最初の「感じたもの」がマズいままに、機材やテクニックで写真を立派に仕上げたとしても、それは心のこもらない、見た目だけ立派なプレゼントです。
受け取った人は、あんまりうれしくないだろうし、ひょっとしたらそのまま質屋で換金してしまうかもしれません。
そんな大事な出発点となる「感じたもの」ですから、それが「退屈」や「平凡」や「つまらない」だった場合は大いに問題です。
なんとかして、「素敵!」とか「すごい!」とか「最高!」って思わなくてはいけません。
…しかし、そんなことって可能でしょうか?
感じ方は個性であり、後からは変更不可能でした。
変更ができない感じ方が「つまらん」と感じたものを、あとから「素敵!」って思い直すことなんてできますか!?
もちろんそれはできません。
■「退屈」「平凡」「つまらない」の本当の問題点
じつは、感じたものは「退屈」でも「平凡」でも「つまらない」でも全然問題ないのです。

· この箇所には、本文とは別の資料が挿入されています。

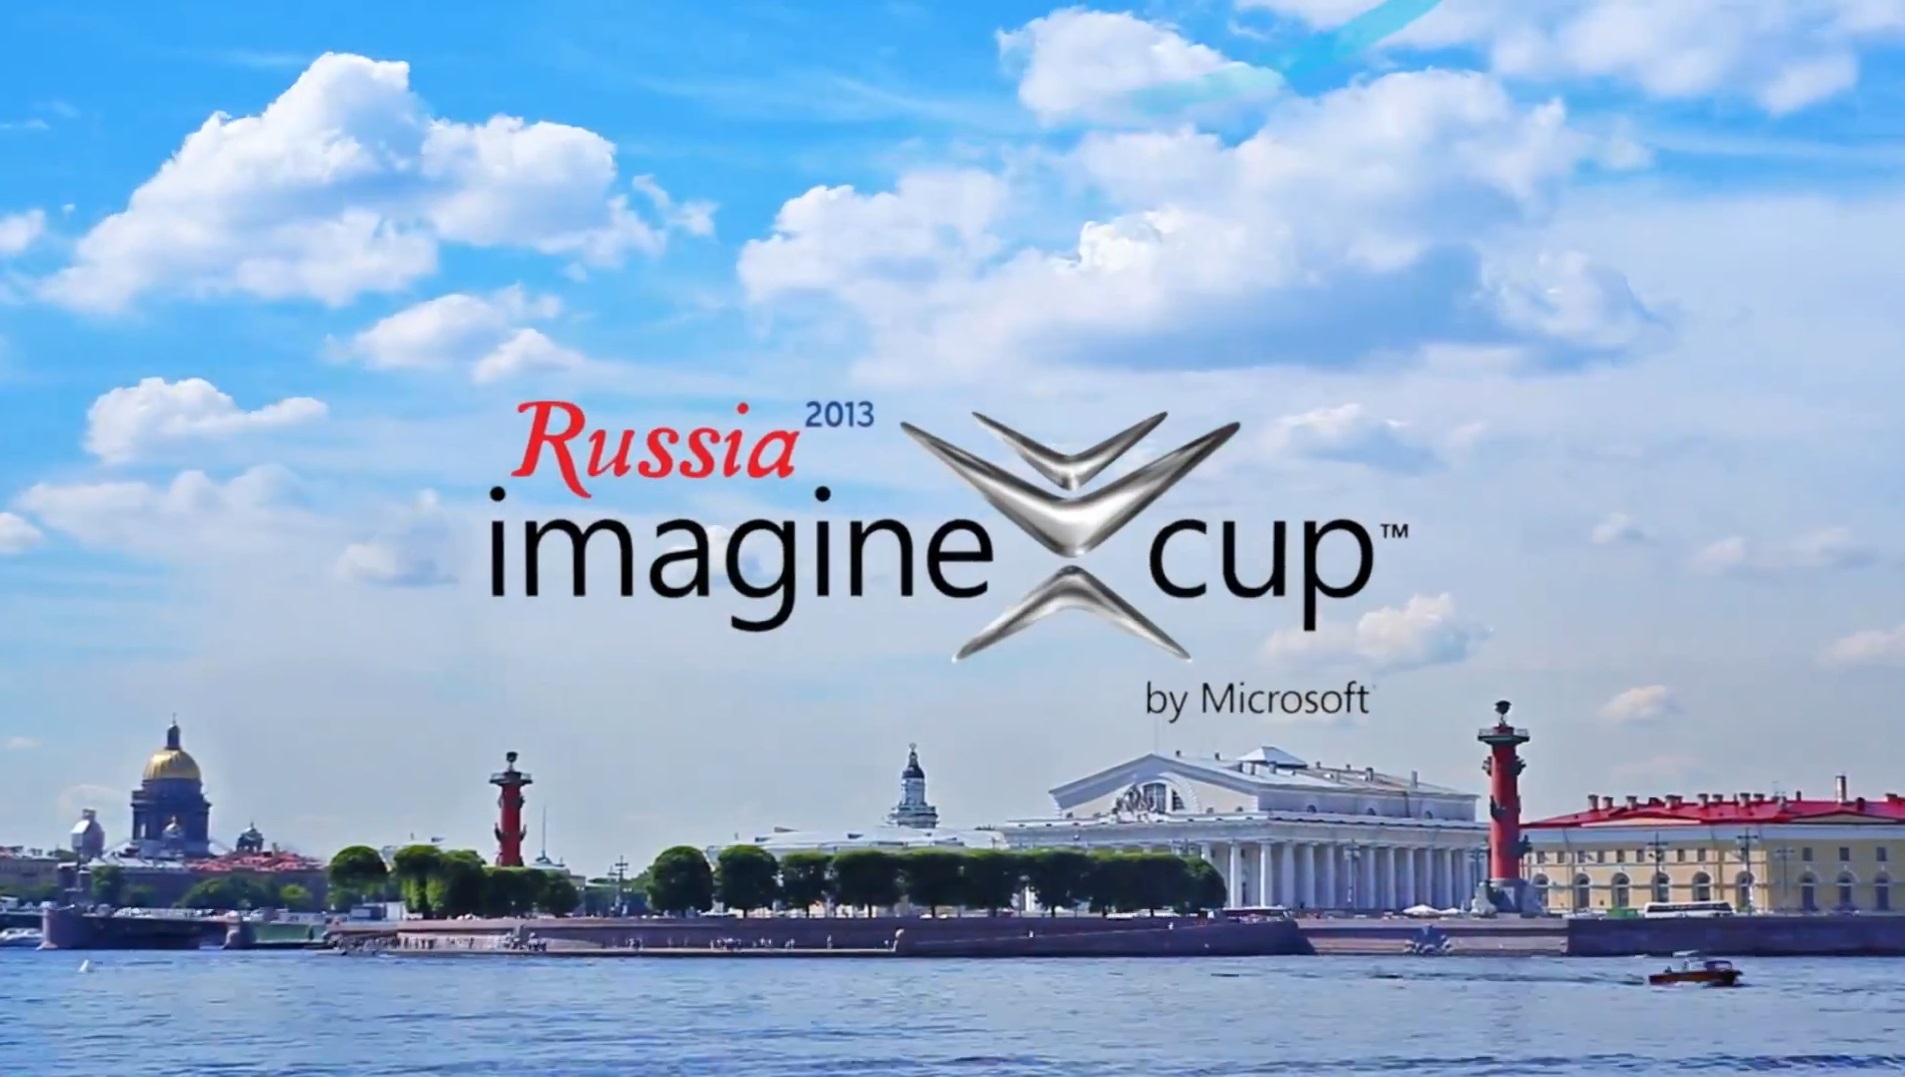 Imagine russia. Petersburg Cup 2013. Imagine Russia красота. Your Russia. Красота Imaginary Russia.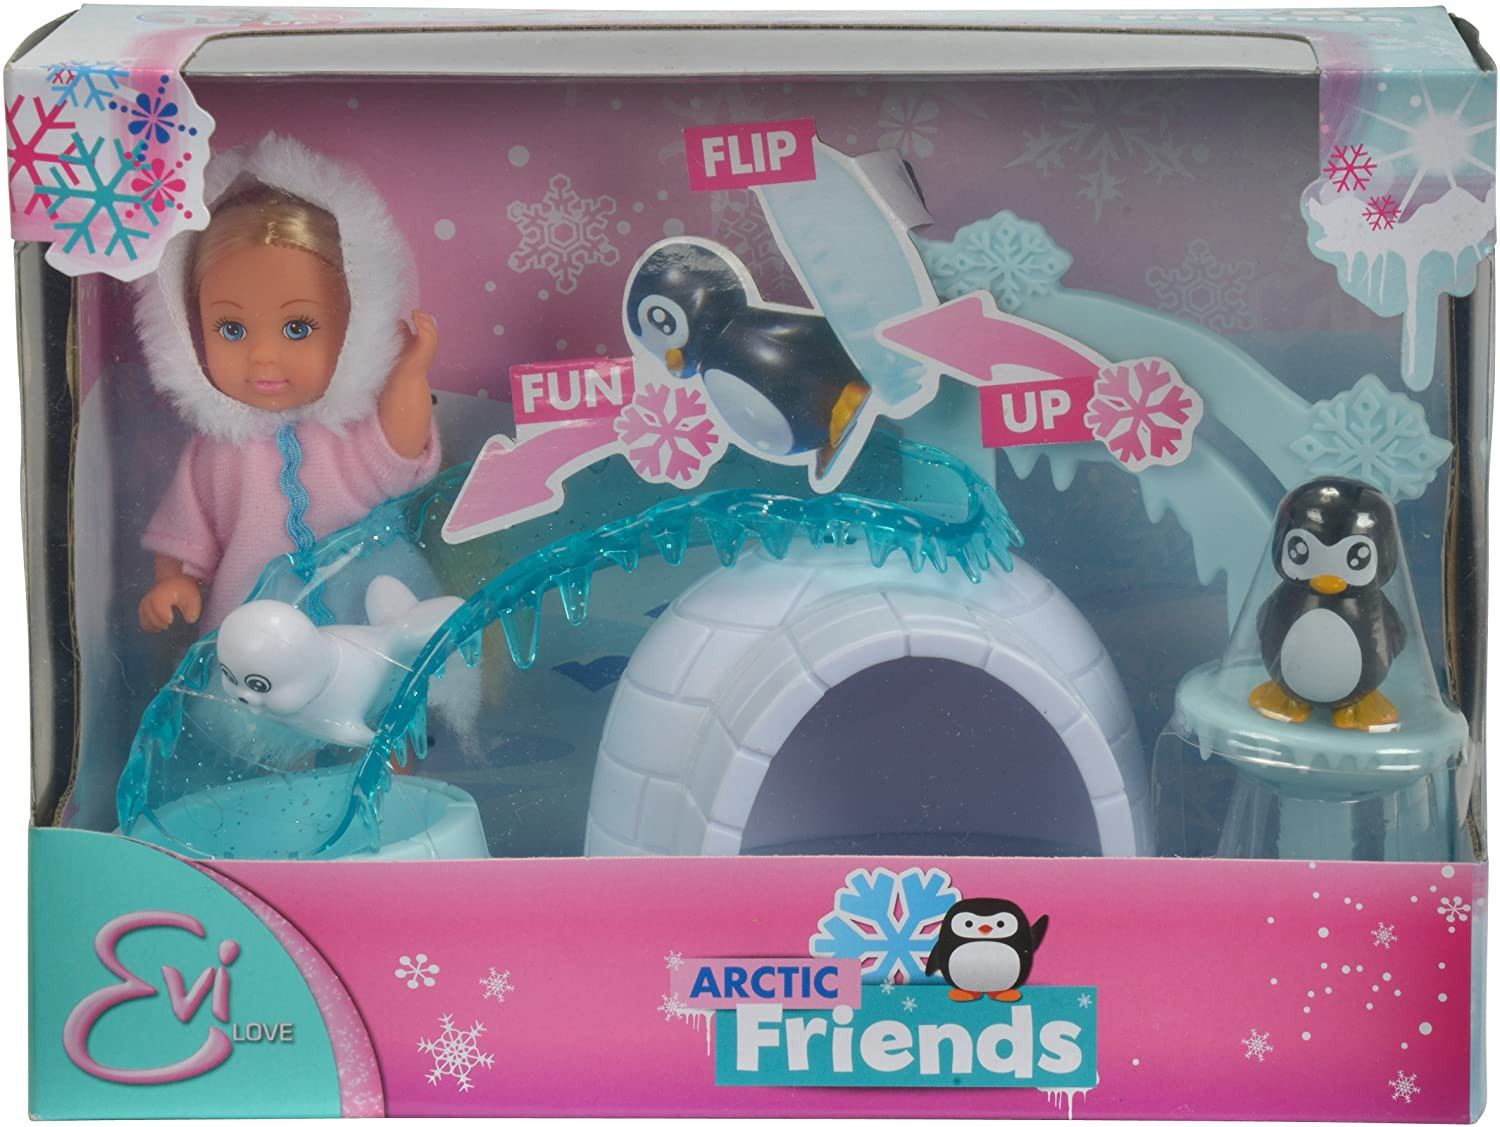 Evi Love Puppe im Winteroutfit und ihre arktischen Freunden

それはその人の「個性」ですから、何の問題もありません。
それを偽って、「素敵!」とか「すごい!」とか無理に思うほうが、むしろ問題です。
「退屈」や「平凡」や「つまらない」は、それ自体が問題なのではありません。
本当の問題は、それを「消極的な意味」に理解していることです。
「退屈」「平凡」「つまらない」は、イコール「ダメ」ではありません。
「退屈」「平凡」「つまらない」は、ほとんど反射的に「ダメ」と結びつけられていますが、本来「退屈」「平凡」「つまらない」はただ単に「退屈」「平凡」「つまらない」であって、「ダメ」とは無関係です。
4.感じたことの「意味」は変更可能
「トム・ソーヤ」のペンキ塗りのお話はご存知でしょうか?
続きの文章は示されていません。